[Recorded information]:
━━━━━━━━━━━━━━━━━━━━━━━━━━━━━━

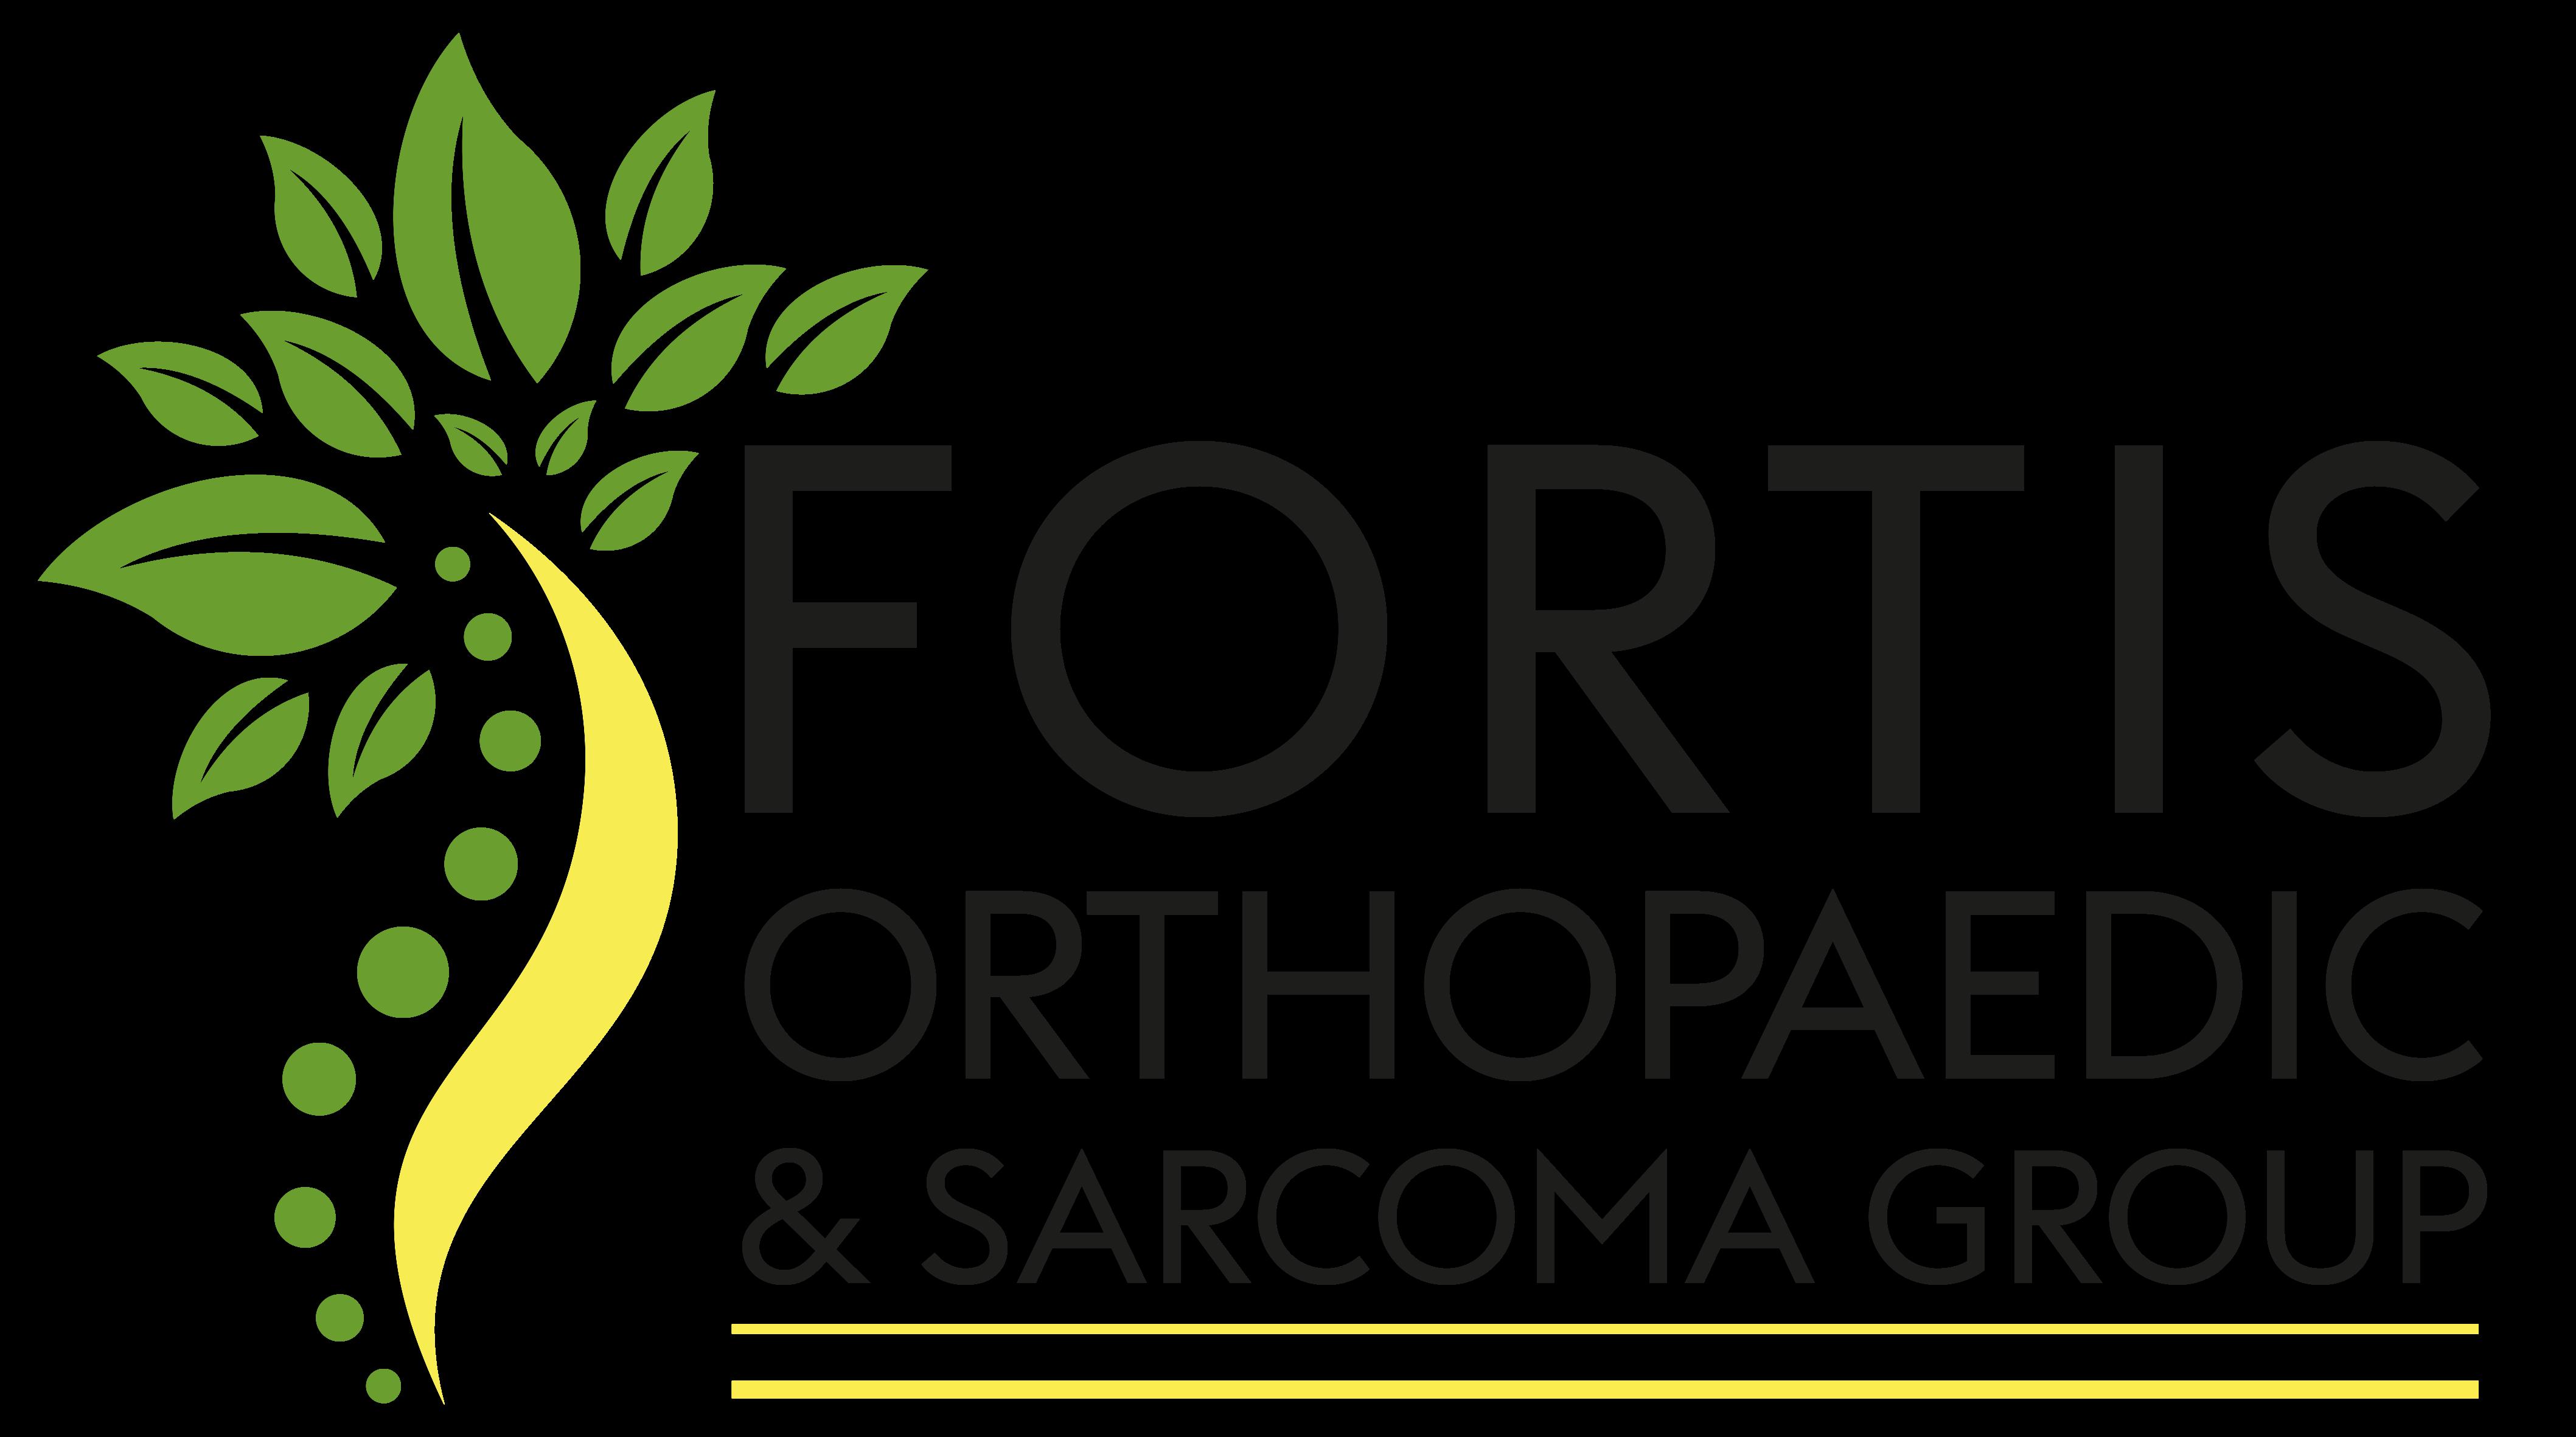 FORTIS ORTHOPAEDIC & SARCOMA GROUP
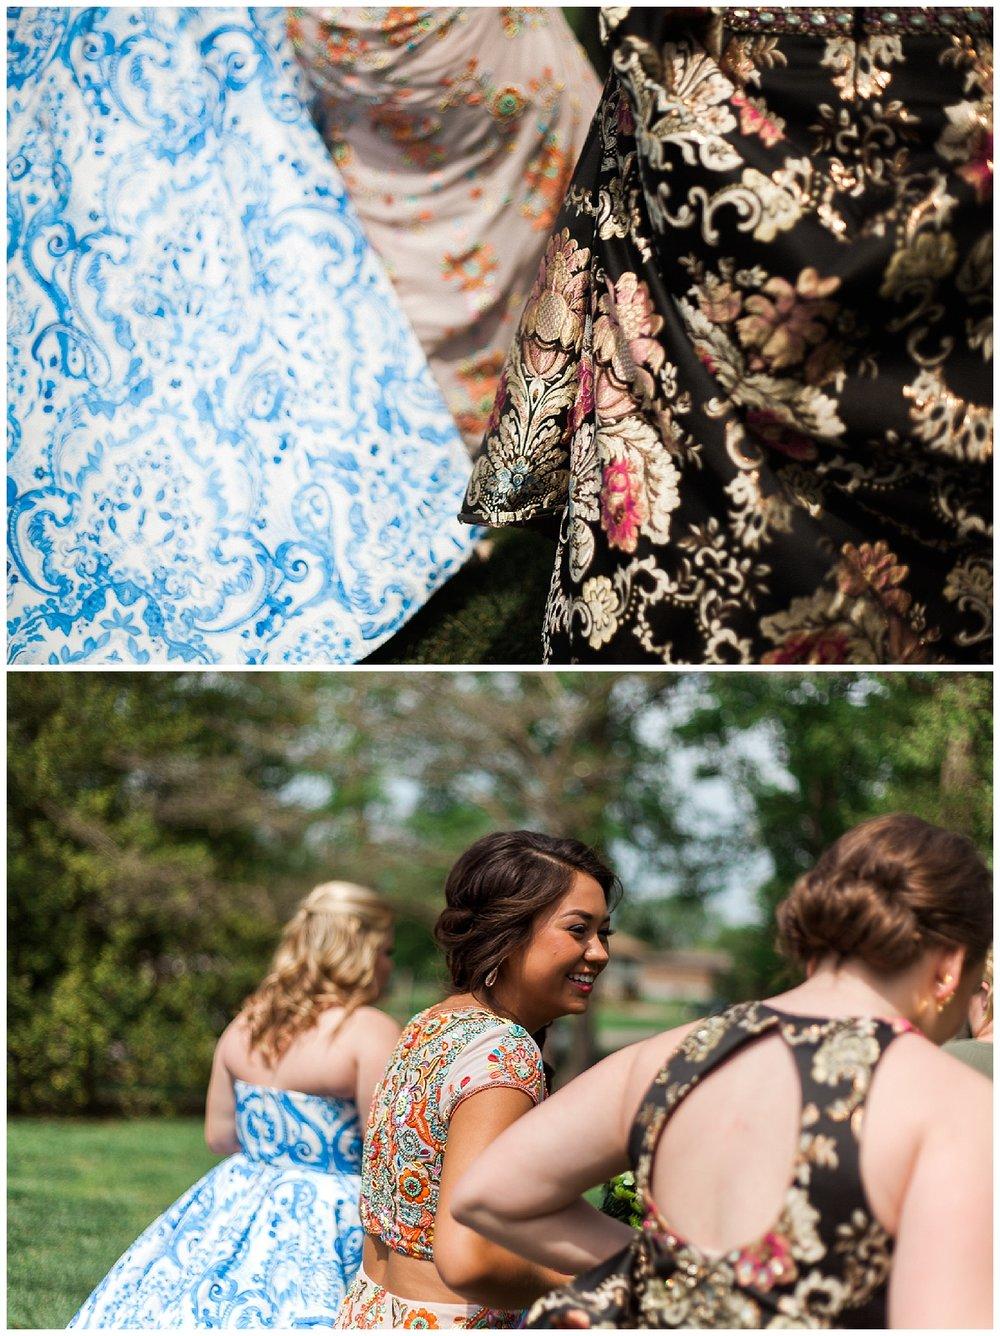 Kentucky-Photographer-Prom-Senior-Elizabethtown_0007.jpg
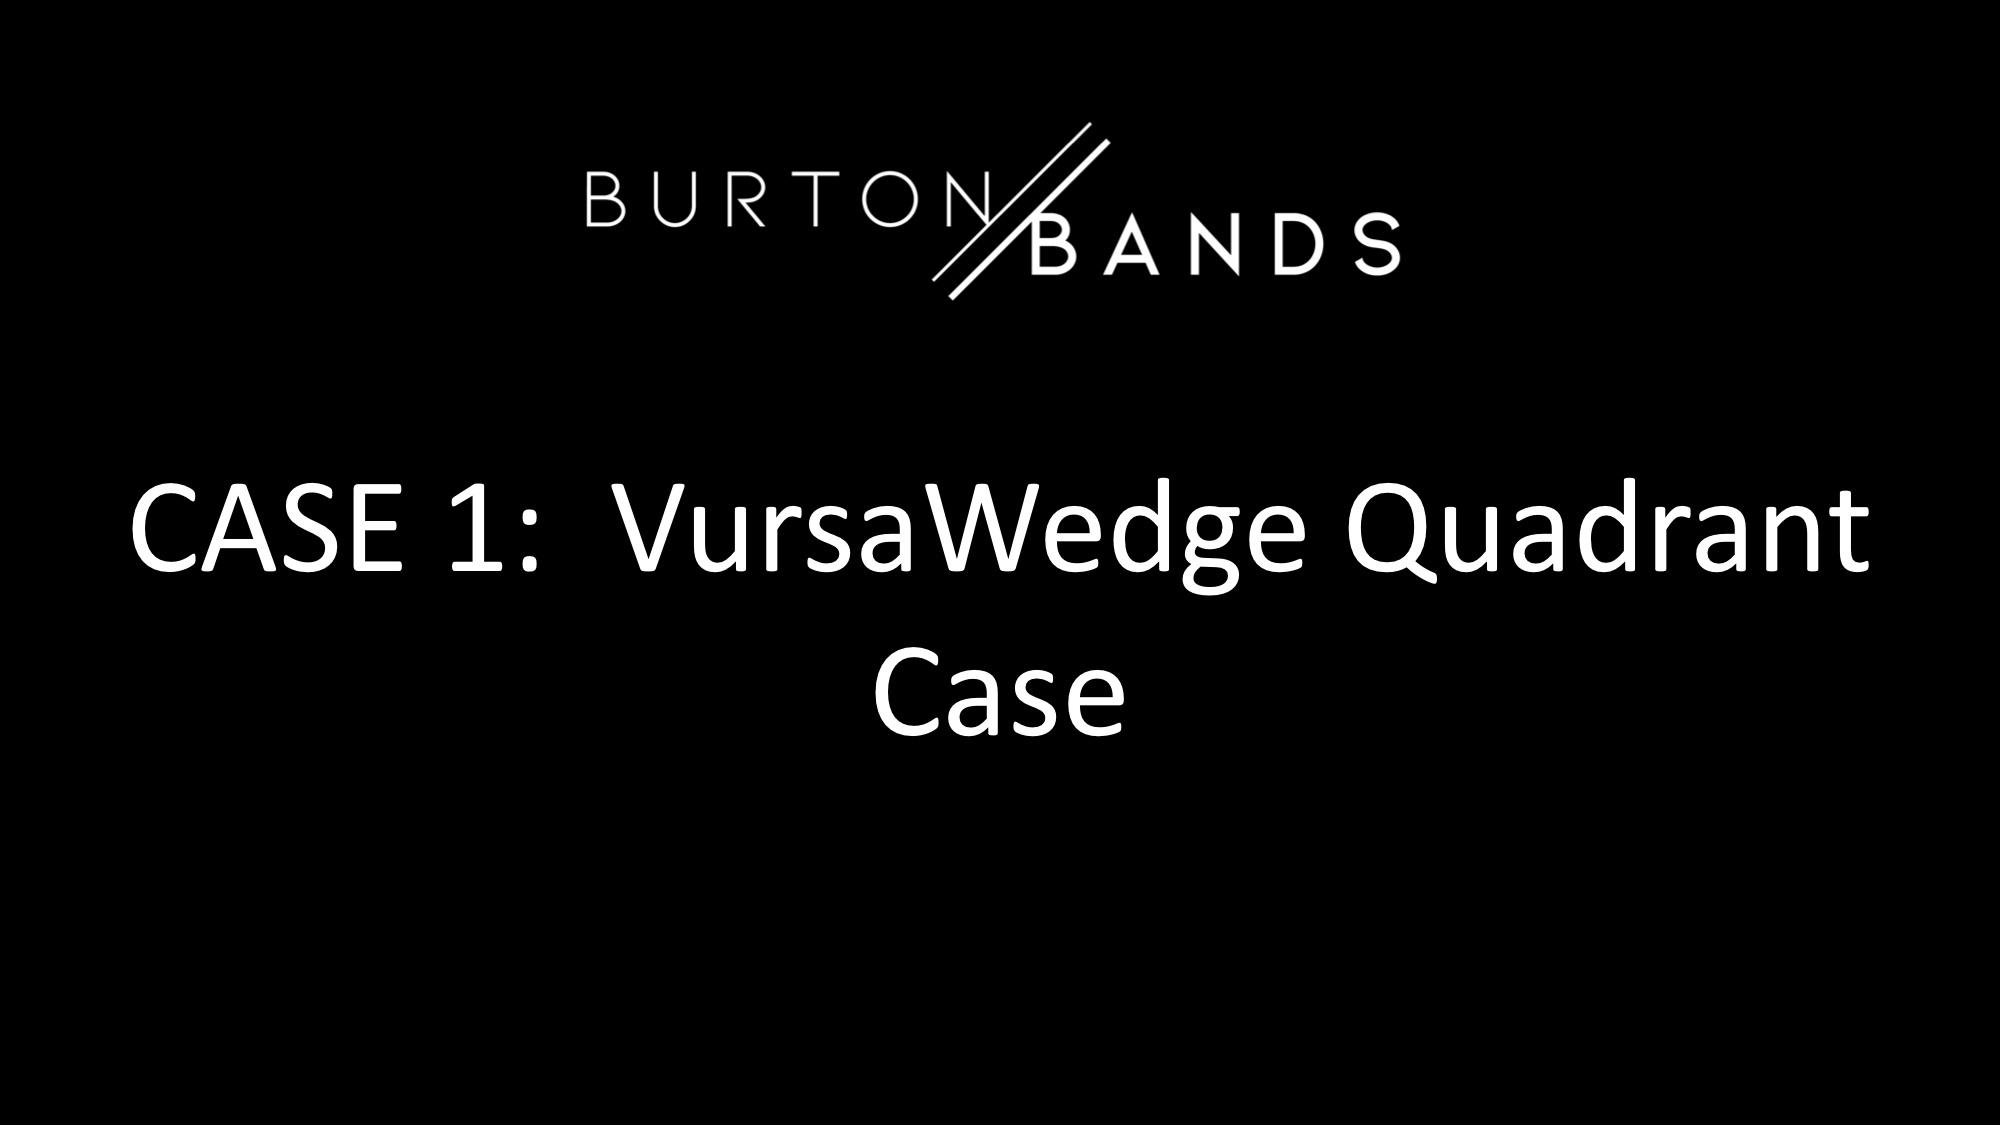 vw-case-1.jpg

━━━━━━━━━━━━━━━━━━━━━━━━━━━━━━

Only the text of the listing above is copied, exactly as written; its pictures are dropped.

 FORTIS ORTHOPAEDIC & SARCOMA GROUP
 Kentucky-Photographer-Prom-Senior-Elizabethtown_0007.jpg
 vw-case-1.jpg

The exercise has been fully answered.